Gromov-Wasserstein 示例

这个例子旨在展示如何在POT中使用Gromov-Wasserstein距离计算。我们首先比较3个求解器，以估计基于条件梯度[24]或Sinkhorn投影[12, 51]的距离。然后我们比较2个随机求解器，以估计具有更低数值成本[33]的距离。

[12] Gabriel Peyré, Marco Cuturi 和 Justin Solomon (2016)， “Gromov-Wasserstein 平均核和距离矩阵”。国际机器学习会议 (ICML)。

[24] Vayer Titouan, Chapel Laetitia, Flamary Rémi, Tavenard Romain 和 Courty Nicolas “适用于图的结构化数据的最优运输” 国际机器学习会议 (ICML). 2019.

[33] Kerdoncuff T., Emonet R., Marc S. “采样的Gromov Wasserstein”，机器学习期刊 (MJL)，2021.

[51] Xu, H., Luo, D., Zha, H., & Duke, L. C. (2019). “Gromov-wasserstein学习用于图匹配和节点嵌入”。在国际机器学习大会（ICML），2019。

# Author: Erwan Vautier <erwan.vautier@gmail.com>
#         Nicolas Courty <ncourty@irisa.fr>
#         Cédric Vincent-Cuaz <cedvincentcuaz@gmail.com>
#         Tanguy Kerdoncuff <tanguy.kerdoncuff@laposte.net>
#
# License: MIT License

# sphinx_gallery_thumbnail_number = 1

import scipy as sp
import numpy as np
import matplotlib.pylab as pl
from mpl_toolkits.mplot3d import Axes3D  # noqa
import ot

样本两个高斯分布（2D 和 3D）

Gromov-Wasserstein 距离允许计算不属于同一度量空间的样本之间的距离。为了演示的目的，我们在 2 维和 3 维空间中采样两个高斯分布。

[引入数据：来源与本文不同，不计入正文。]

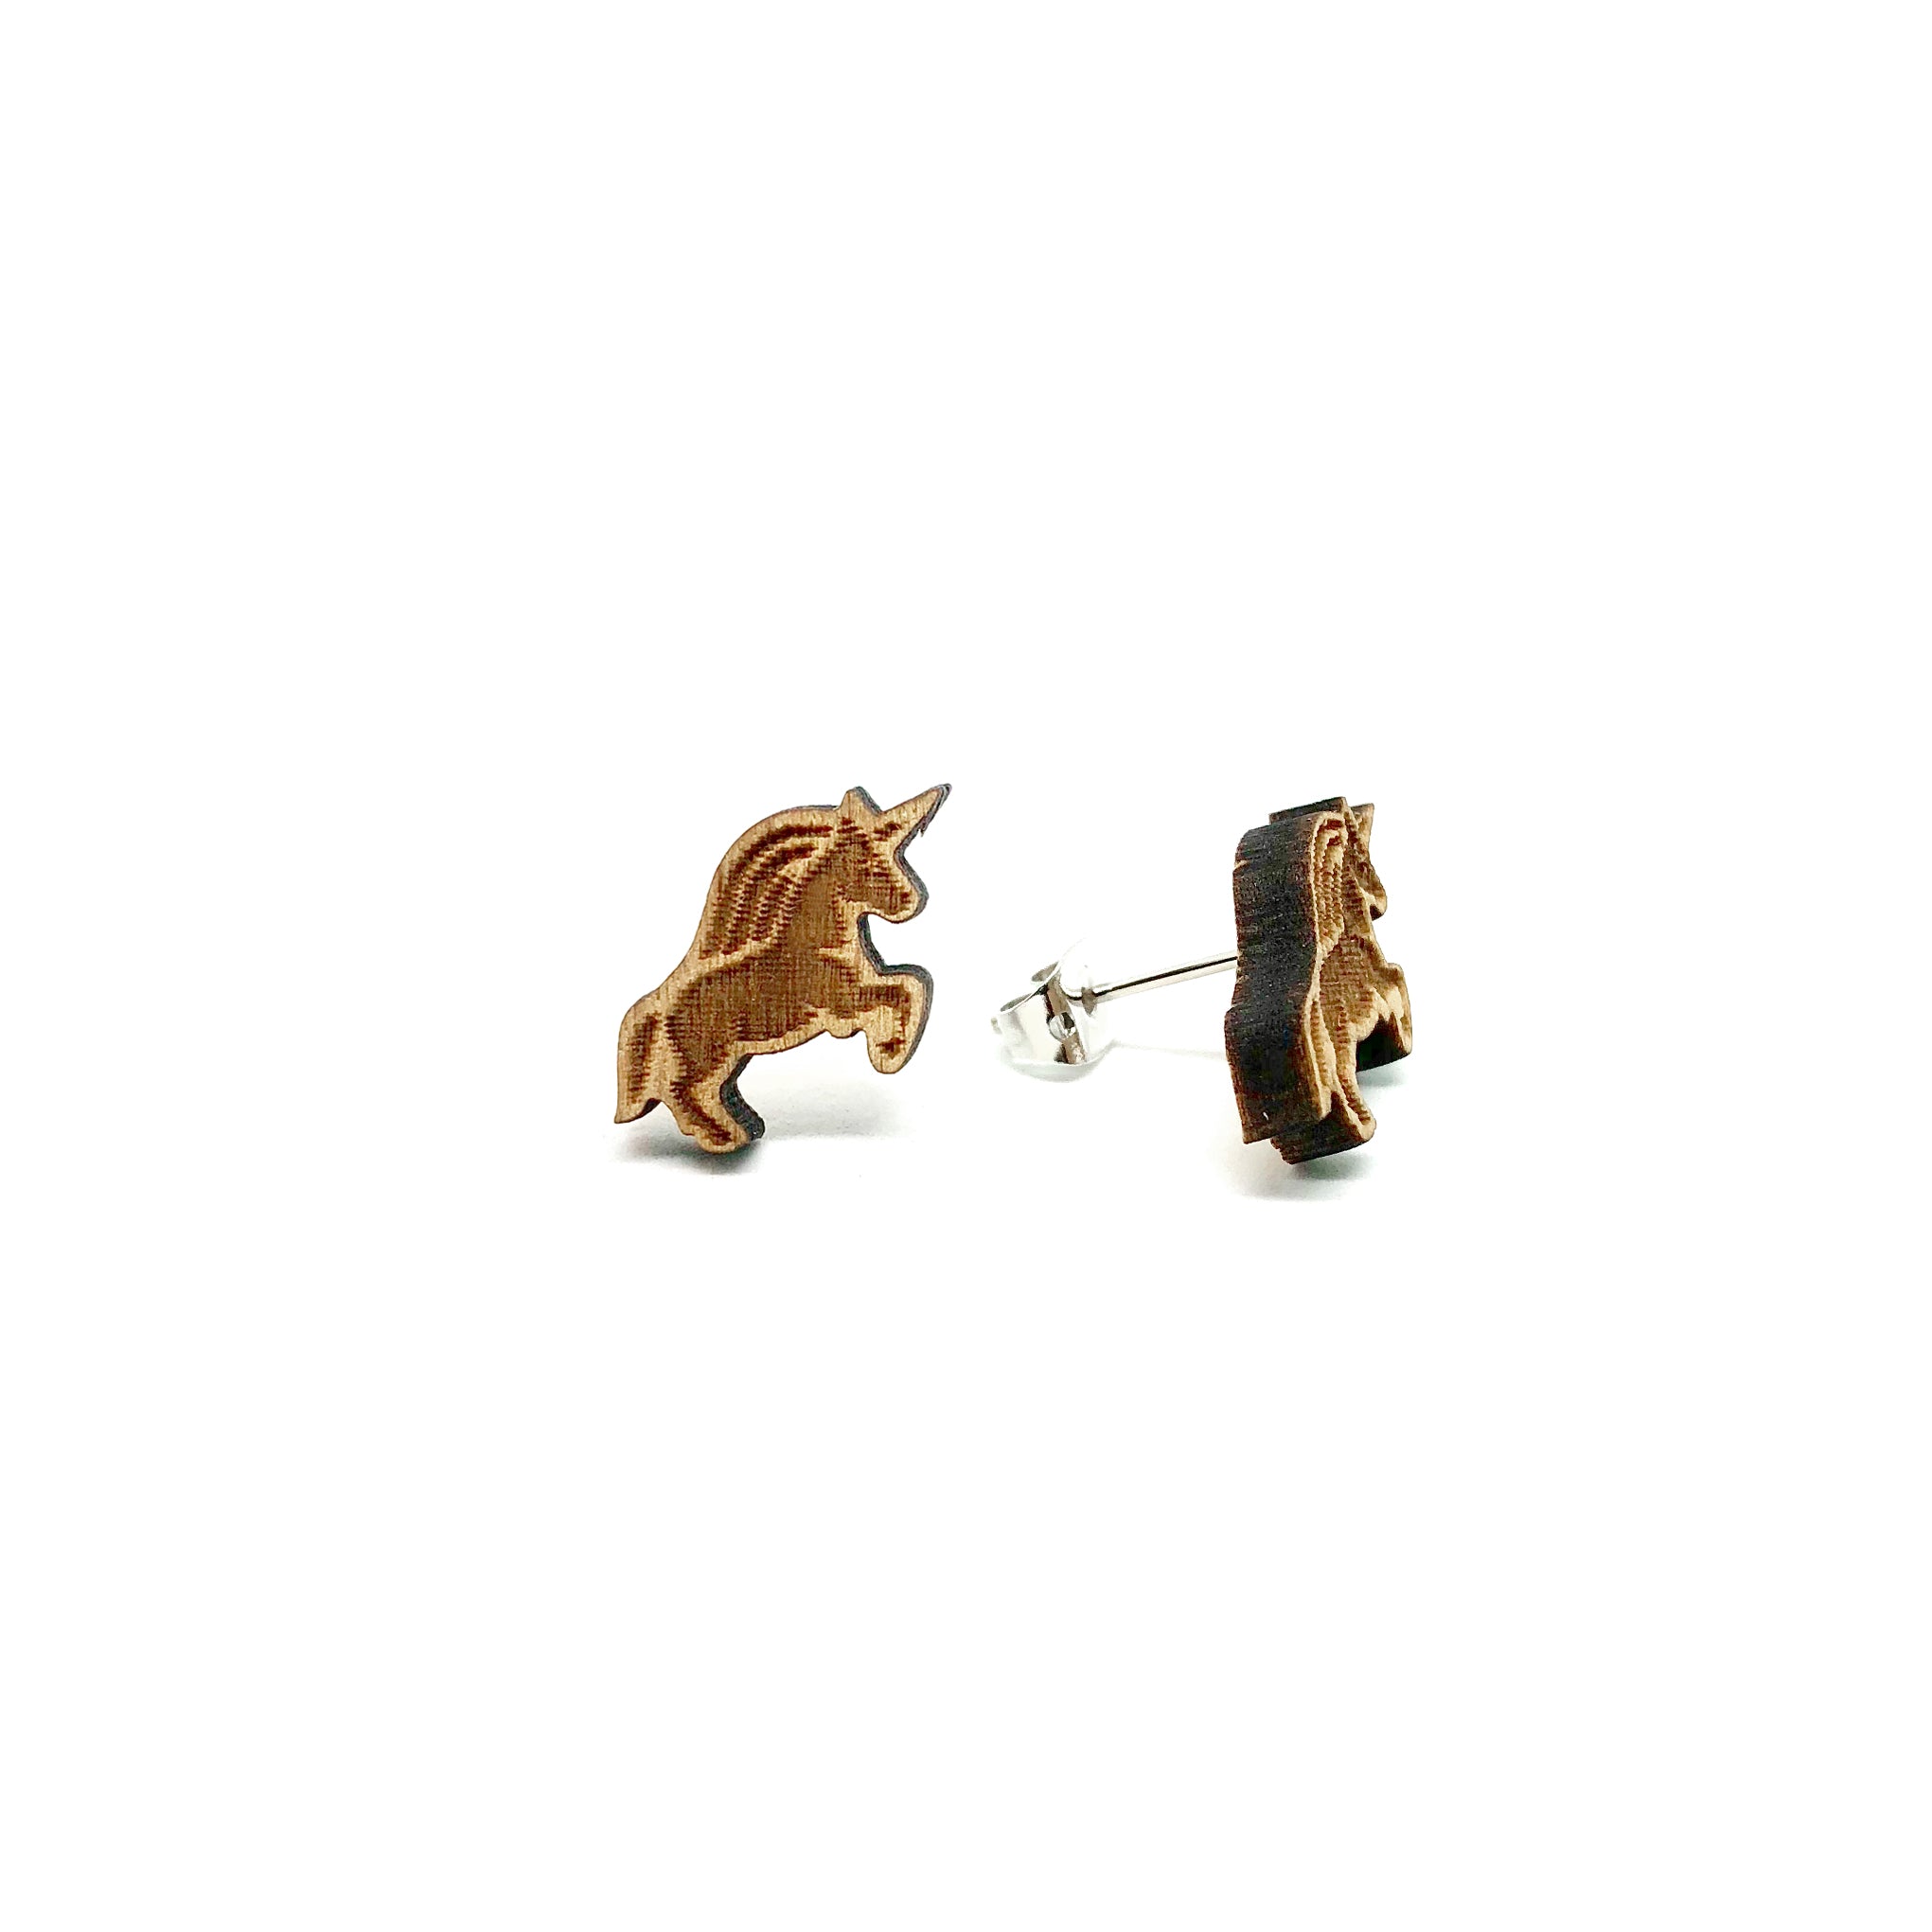 Magical Unicorn Laser Cut Wood Earrings - LM

n_samples = 30  # nb samples

mu_s = np.array([0, 0])
cov_s = np.array([[1, 0], [0, 1]])

mu_t = np.array([4, 4, 4])
cov_t = np.array([[1, 0, 0], [0, 1, 0], [0, 0, 1]])

np.random.seed(0)
xs = ot.datasets.make_2D_samples_gauss(n_samples, mu_s, cov_s)
P = sp.linalg.sqrtm(cov_t)
xt = np.random.randn(n_samples, 3).dot(P) + mu_t

绘制分布

fig = pl.figure(1)
ax1 = fig.add_subplot(121)
ax1.plot(xs[:, 0], xs[:, 1], "+b", label="Source samples")
ax2 = fig.add_subplot(122, projection="3d")
ax2.scatter(xt[:, 0], xt[:, 1], xt[:, 2], color="r")
pl.show()

计算距离核，规范化它们，然后显示

C1 = sp.spatial.distance.cdist(xs, xs)
C2 = sp.spatial.distance.cdist(xt, xt)

C1 /= C1.max()
C2 /= C2.max()

pl.figure(2)
pl.subplot(121)
pl.imshow(C1)
pl.title("C1")

pl.subplot(122)
pl.imshow(C2)
pl.title("C2")

pl.show()

计算Gromov-Wasserstein计划和距离

p = ot.unif(n_samples)
q = ot.unif(n_samples)

# Conditional Gradient algorithm
gw0, log0 = ot.gromov.gromov_wasserstein(
    C1, C2, p, q, "square_loss", verbose=True, log=True
)

# Proximal Point algorithm with Kullback-Leibler as proximal operator
gw, log = ot.gromov.entropic_gromov_wasserstein(
    C1, C2, p, q, "square_loss", epsilon=5e-4, solver="PPA", log=True, verbose=True
)

# Projected Gradient algorithm with entropic regularization
gwe, loge = ot.gromov.entropic_gromov_wasserstein(
    C1, C2, p, q, "square_loss", epsilon=5e-4, solver="PGD", log=True, verbose=True
)

print(
    "Gromov-Wasserstein distance estimated with Conditional Gradient solver: "
    + str(log0["gw_dist"])
)
print(
    "Gromov-Wasserstein distance estimated with Proximal Point solver: "
    + str(log["gw_dist"])
)
print(
    "Entropic Gromov-Wasserstein distance estimated with Projected Gradient solver: "
    + str(loge["gw_dist"])
)

# compute OT sparsity level
gw0_sparsity = 100 * (gw0 == 0.0).astype(np.float64).sum() / (n_samples**2)
gw_sparsity = 100 * (gw == 0.0).astype(np.float64).sum() / (n_samples**2)
gwe_sparsity = 100 * (gwe == 0.0).astype(np.float64).sum() / (n_samples**2)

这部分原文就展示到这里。